Amanda shook her head, focused on right now and said, “Well, Bennett used to take the boat out early when he wanted time to think. If we hadn’t fallen asleep, we would have been long gone before Bennett showed up.”
“So you think we were just unlucky?” He snorted at the idea.
“If you didn’t tell him and I didn’t, then yeah,” she said. “Probably.”
“That’s a hell of a thing,” he muttered, and drew one knee up, resting his forearm on top of it.
“It really is,” she agreed. Amanda couldn’t stop looking at him. She’d missed him. A lot. And being with him now was the answer to all the erotic dreams she’d had over the years.
“But nothing’s changed, has it?” she said, more to herself than him.
He looked at her and she could see that he was thinking the same convoluted thoughts she was.
When he spoke, his voice was low in the quiet. “I’d say this confuses things even more.”
“Who would have thought that was possible?”
“Yeah.” His gaze locked on hers. “So tell me. If you didn’t tip Bennett off—”
“I didn’t.”
“—why didn’t you reach out to me?” His eyes were hard now, accusatory, and though she was insulted, she couldn’t really blame him. “Ten years. And nothing. Why?”

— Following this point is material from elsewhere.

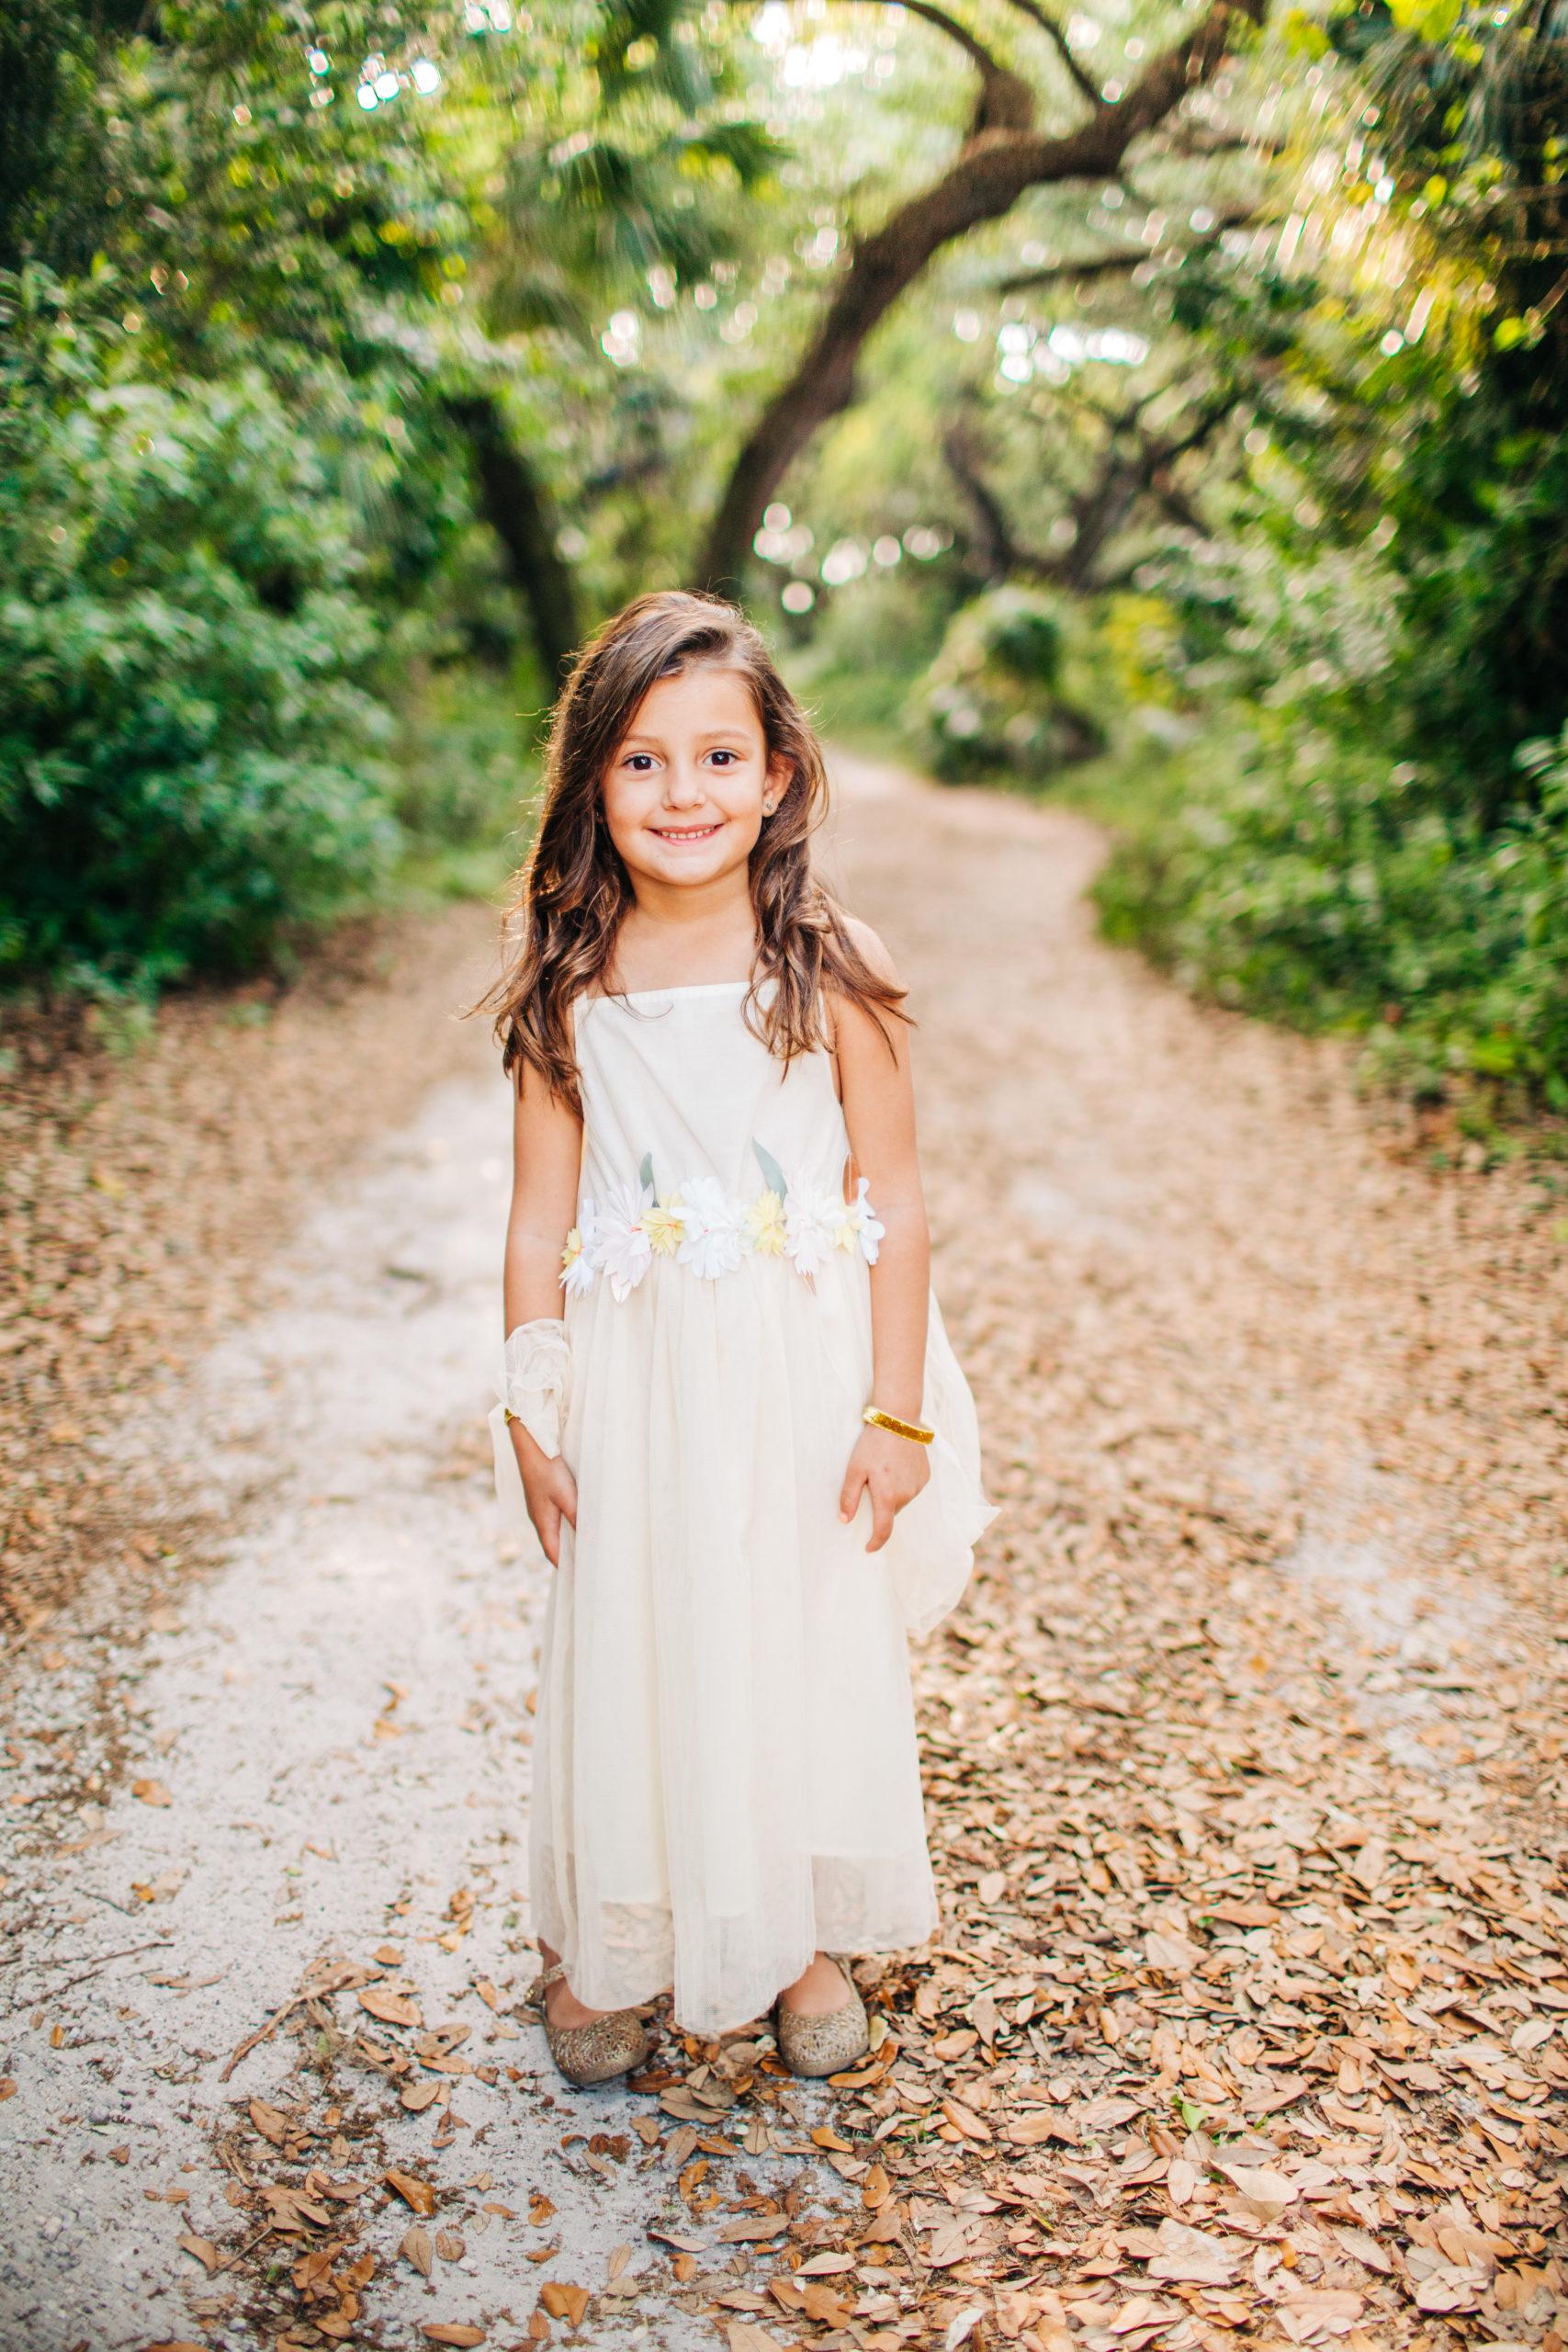 ChildrenPortraits_Lola-3-scaled Miami's 8 best Photoshoot Locations

“Why would I?” she demanded and pushed off the floor. Barefoot now, she walked across the kitchen, then whirled around to look at him. “Bennett convinced me you were using me as a way to wedge yourself into the Carey Corporation.”

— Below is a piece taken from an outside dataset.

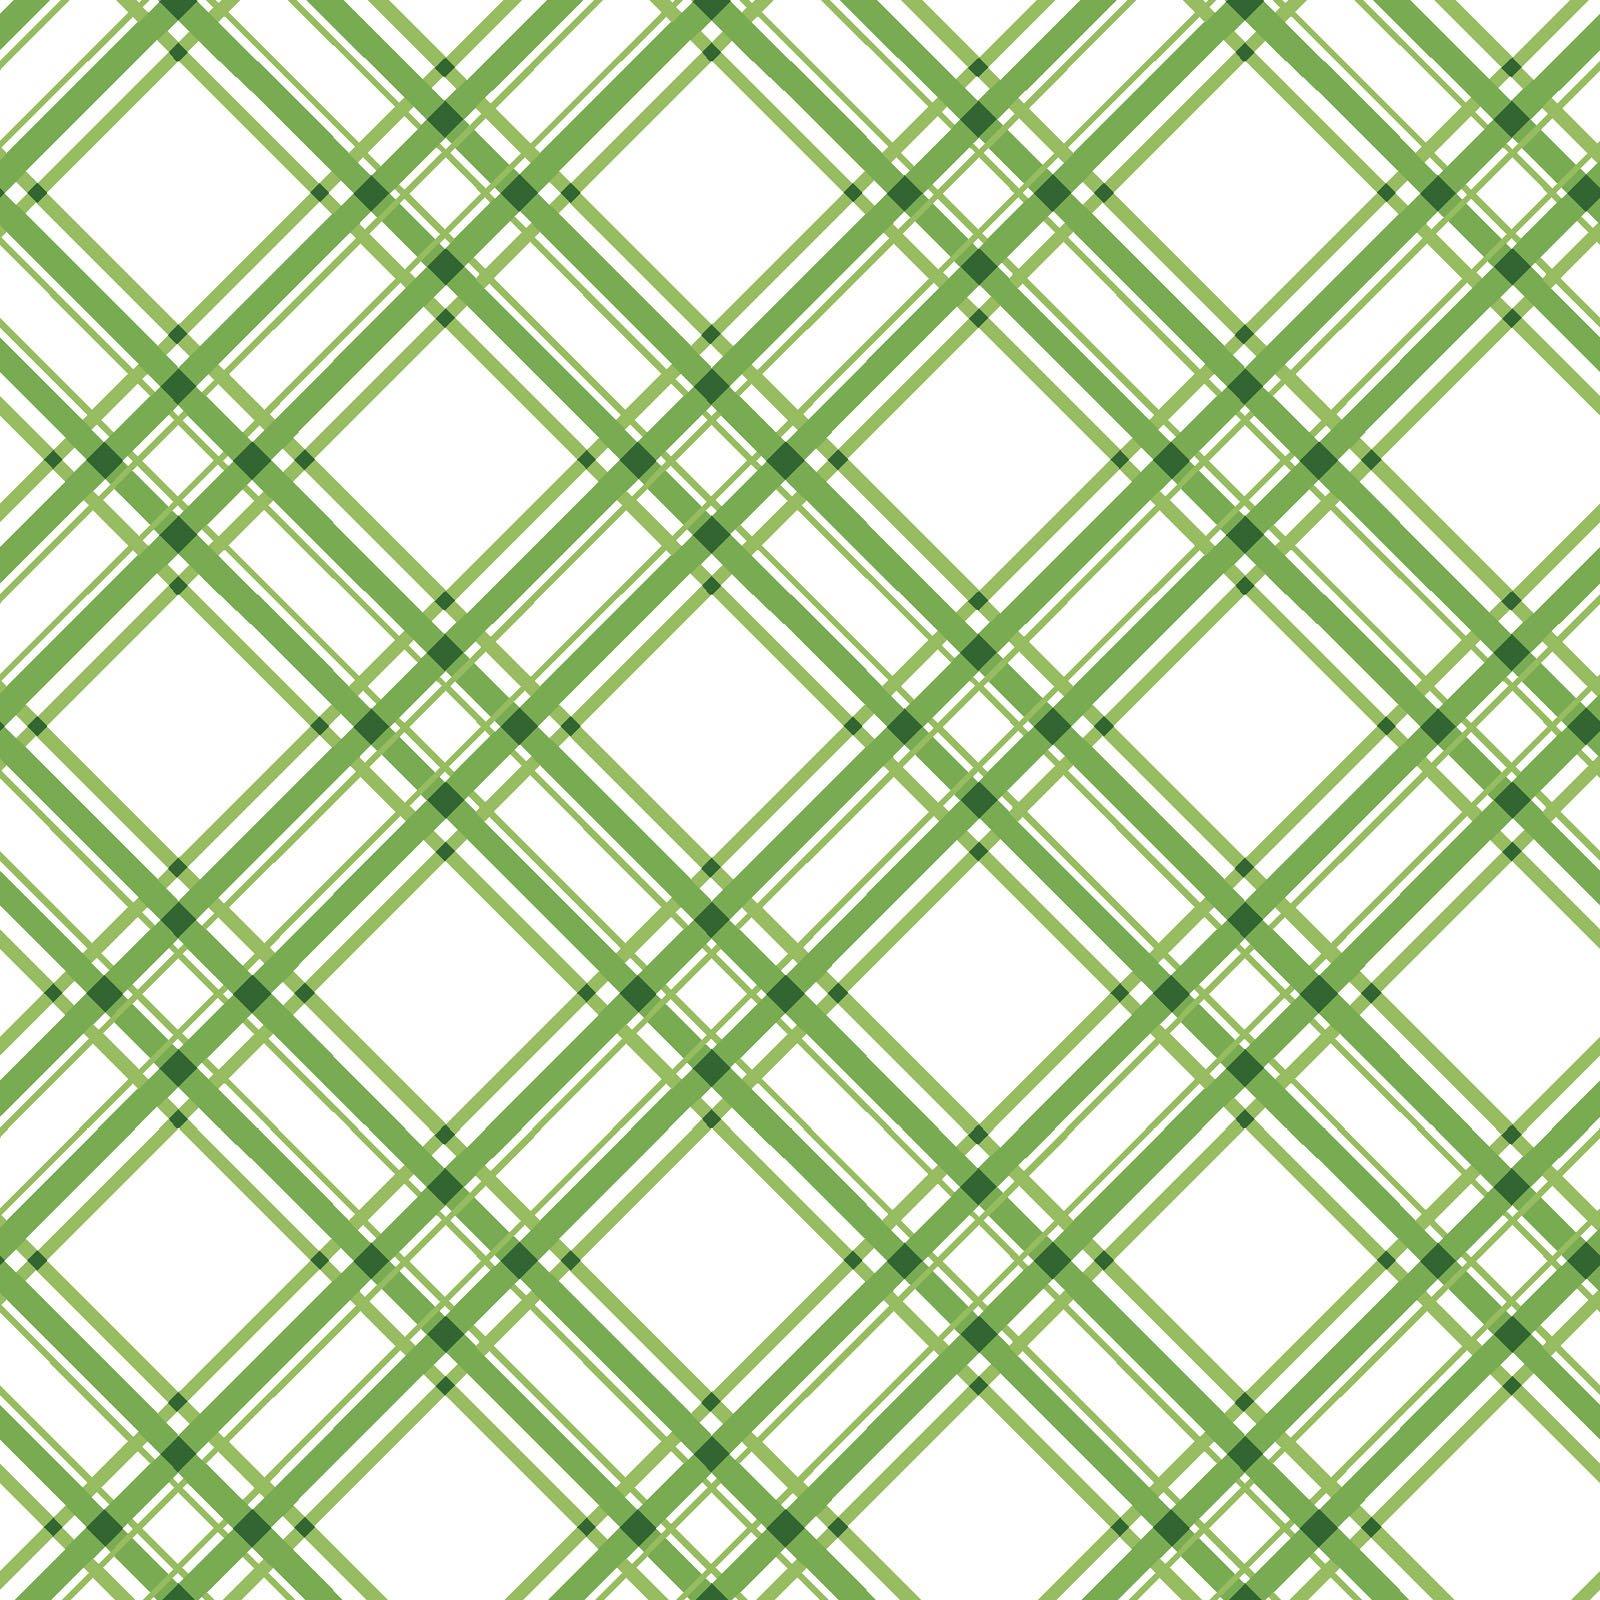 KimberBell Basics Green Diagonal Plaid 8244M-G

“You shouldn’t have believed that, Amanda.”
“You were gone—”
“Because good old Ben chased me out of Italy—”
“—and you never contacted me,” she finished as if he hadn’t spoken. The hurt of that rose up inside her to strangle her air. “Not once, Henry. You never called. You never came to see me.” She threw his own words back at him. “Ten years. Nothing. Not even a damn postcard.”
He stood and faced her. His dress shirt hung open, his jeans hung low on his hips and everything in her wanted to touch him. Heck, lick every square inch of him. But she held perfectly still and waited.
“Seriously? I thought you were in on it.”
“Well, I wasn’t.”
“I didn’t know that.”
“You could’ve asked me,” she countered.
“You could’ve told me without being asked,” he shot back.
“And so it goes,” she muttered, “the circle of pain just keeps spinning.” Amanda turned away from him, curling her fingers over the cold edge of the smoke-gray granite counter. That icy feel seeped into her bones and she wondered if cold would always smother the heat.
“It’s not easy, is it?” he asked quietly and she heard the soft footsteps coming up behind her.
She didn’t look at him. “No.”
“Just like before,” he said, laying both hands on her shoulders and turning her around to face him. “Sex just makes things more difficult.”
She tipped her head back to look up at him and she could see that he was as torn as she was. When he lifted one hand to smooth his fingers across her cheek, she felt the tenderness down to her soul and it almost broke her.
She’d loved him so much once, and those feelings, in spite of her attempts to hide them or lose them, were still there, inside her. She could continue to ignore what her heart still craved, or she could take this moment, this time, and use it to ease old pains and strengthen her heart against future pain.
She’d been broken once. Amanda couldn’t let that happen again. But she couldn’t walk away from what she was feeling, either. Not this time.
She reached up to hook her arms around his neck and sighed when she felt him wrap his arms around her middle.
“Complicated, yes,” she said, looking into eyes that had haunted her for so long. “But done right...so worth it.”
“We’re pretty good at it already,” Henry said, a half smile curving his mouth. “But maybe we should stop talking and put in a little more practice. Make sure we get it right.”
“Practice is good.” Maybe they didn’t have to solve everything tonight. Maybe they could just be together right now. For tonight, anyway, they didn’t have to be enemies. She was smiling when he took her mouth in a gentle caress that poured heat through her body, chasing away the cold—for now.